The Bahamas First chief said the 10 per cent ‘auto insurance’ tax proposed by Sanigest Internacional, the Government’s NHI consultants, was effectively a ‘wealth transfer’ from motor insurance to medical insurance - as the proposed NHI scheme would likely have to foot rising medical bills for accidents caused by the increasing number of uninsured drivers.

Conceding that he had not yet been able to assess the context in which Sanigest had made its proposal, Mr Ward told Tribune Business: “On the face of it, I don’t think that would be appropriate for this market.

“First of all, we have a 3 per cent tax levied on all premiums, including auto. We already have a significant problem in this country with uninsured motorists on these streets, and one factor is the cost of auto insurance relative to what people can afford.”

This is set to be further exacerbated by VAT’s July imposition, with insurance industry concerns also centred on whether the 7.5 per cent charge will be levied upon the existing premium tax - thus becoming a tax upon a tax.

Mr Ward yesterday confirmed Bahamian insurance industry estimates were that one in five, or 20 per cent, of this nation’s drivers are either uninsured or not properly insured.

This concisely illustrates the scale of a problem he believes Sanigest’s proposal will only make worse.

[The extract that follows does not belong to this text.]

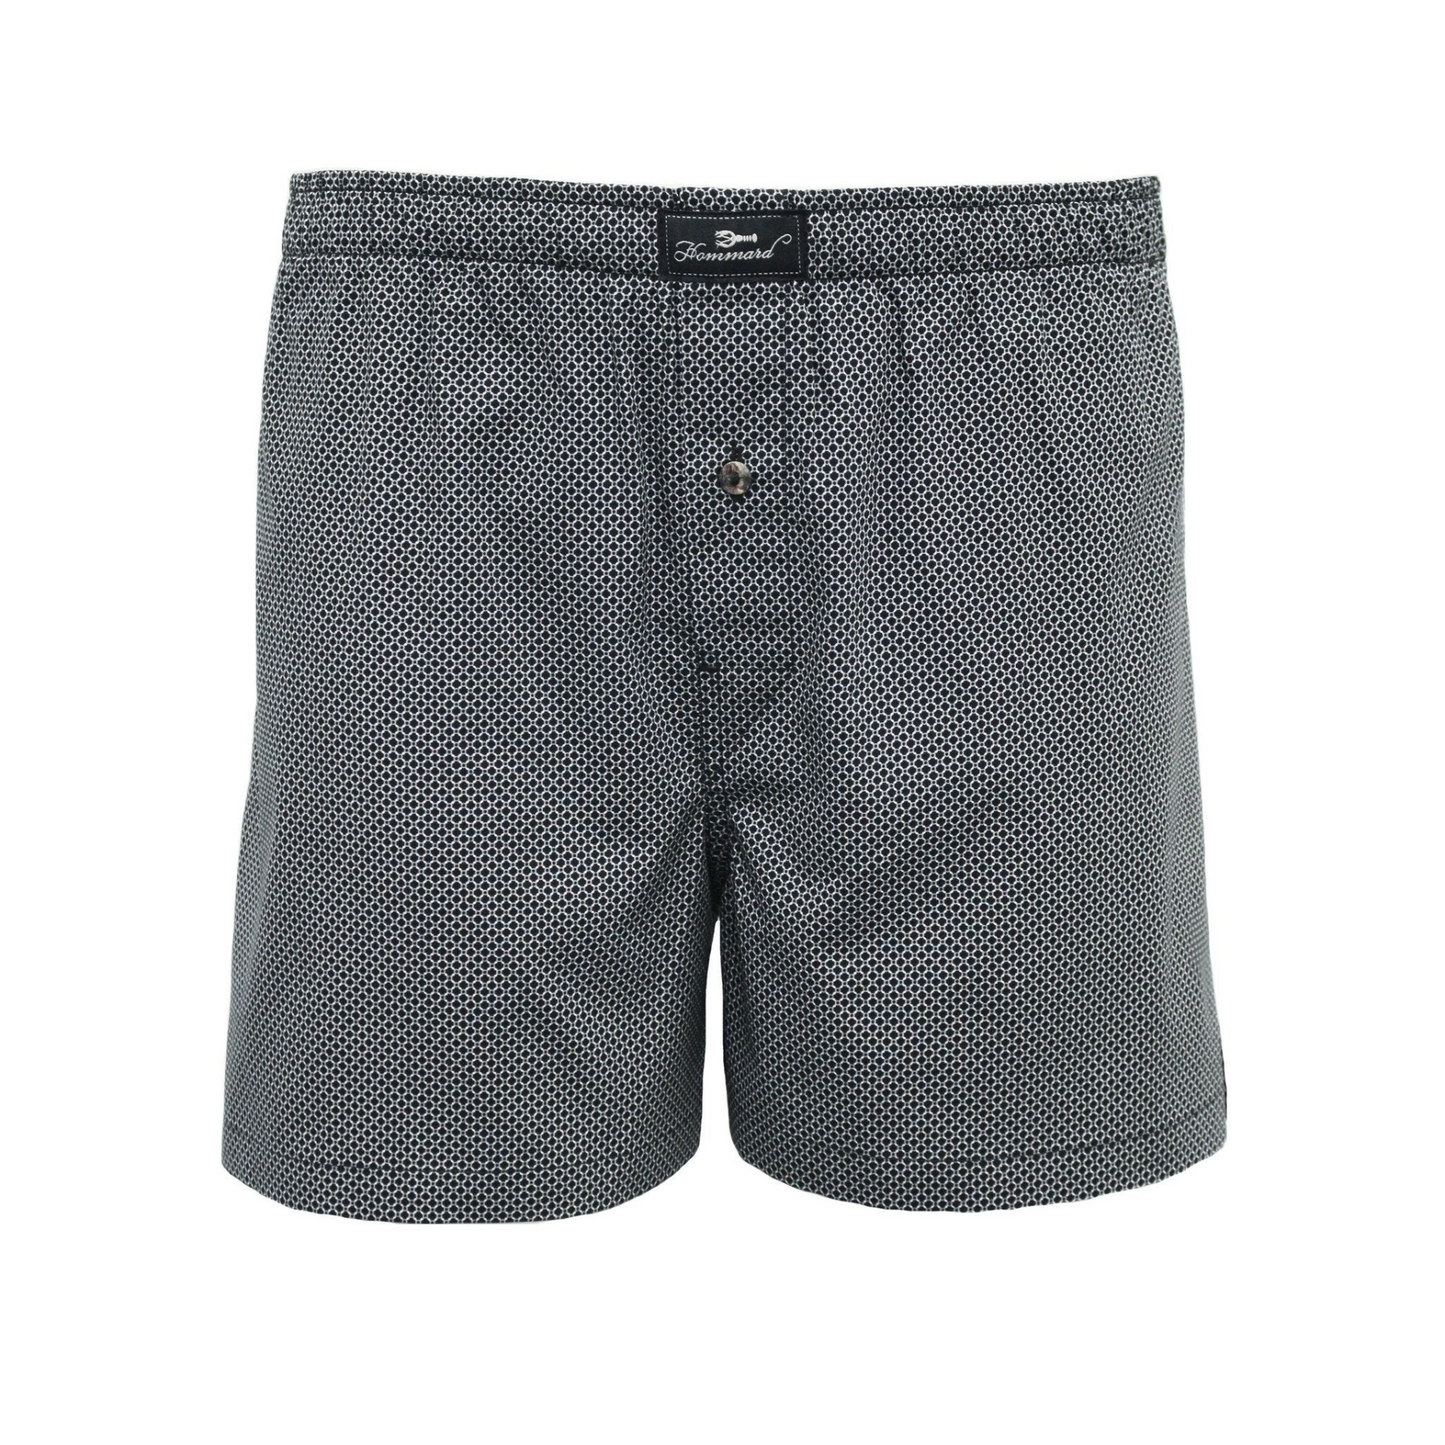 Woven Cotton Boxer Shorts Black Dot BC004

The Bahamas First chief said the ‘10 per cent auto insurance tax’ would “go against a public policy objective”, and added: “Anything that you do which is going to disincentivise the number of insured motorists on the road is going to impact what the Government wants to achieve.”

Mr Ward described this goal as the protection of “innocent third parties” from bodily and life threatening injuries sustained in road accident, and the recovery of liability for all damages sustained.

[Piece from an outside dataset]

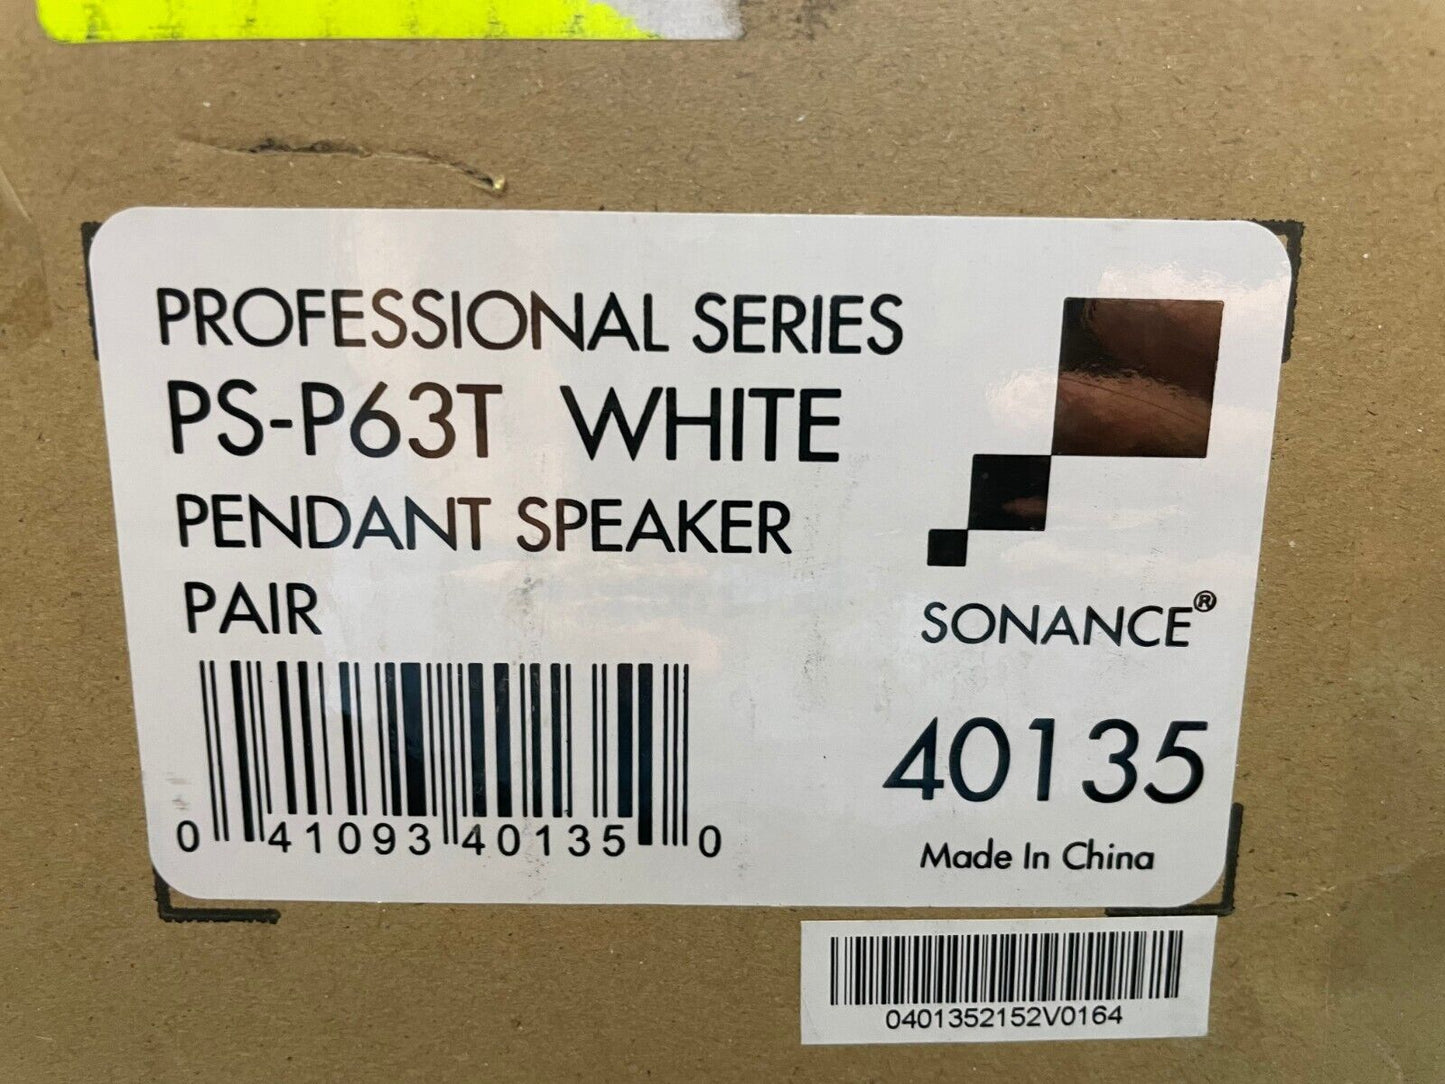 Sonance PS-P63T Hanging Pendant Speakers - White PAIR

The Bahamas First chief executive said the Government should instead seek to “incentivise” motorists to purchase adequate coverage, thereby achieving “a higher compliance rate”.

And, in doing so, he argued that it would “alleviate some of the health insurance issues by another mechanism”.

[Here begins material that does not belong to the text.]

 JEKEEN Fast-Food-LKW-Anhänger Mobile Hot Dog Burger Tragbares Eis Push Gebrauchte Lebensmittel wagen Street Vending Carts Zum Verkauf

“There’s a significant amount of money spent each year for medical case procedures or pain suffering issues resulting from bodily injuries that arise in the case of motor vehicle accidents,” Mr Ward told Tribune Business. “We’re talking about millions of dollars a year.”

Summing up the unintended consequences if Sanigest’s auto insurance tax proposal was adopted, Mr Ward said: “Ironically, what seems on the face of it to generate the revenue to provide a broader level of care could undermine the very aspect of the recovery process that actually works.”

Sanigest, in its October 2014 report to the Government, said that with auto accidents the seventh leading cause of male deaths in the Bahamas, healthcare bills associated with these events were likely relatively high.

There were 10,000 motor vehicle accidents reported in the Bahamas in 2013, implying that more than one person was involved in a crash every hour.

Taking the World Health Organisation’s (WHO) estimate that car accidents cost countries between 1-3 per cent of their gross national product (GNP) as a benchmark, Sanigest suggested these cost the Bahamas $90 million in health costs and lost economic productivity.

Levying a 10 per cent premium tax on the estimated $69.404 million in auto insurance premiums forecast for 2016 would provide $6.94 million for the NHI catastrophic insurance fund, the report forecasts.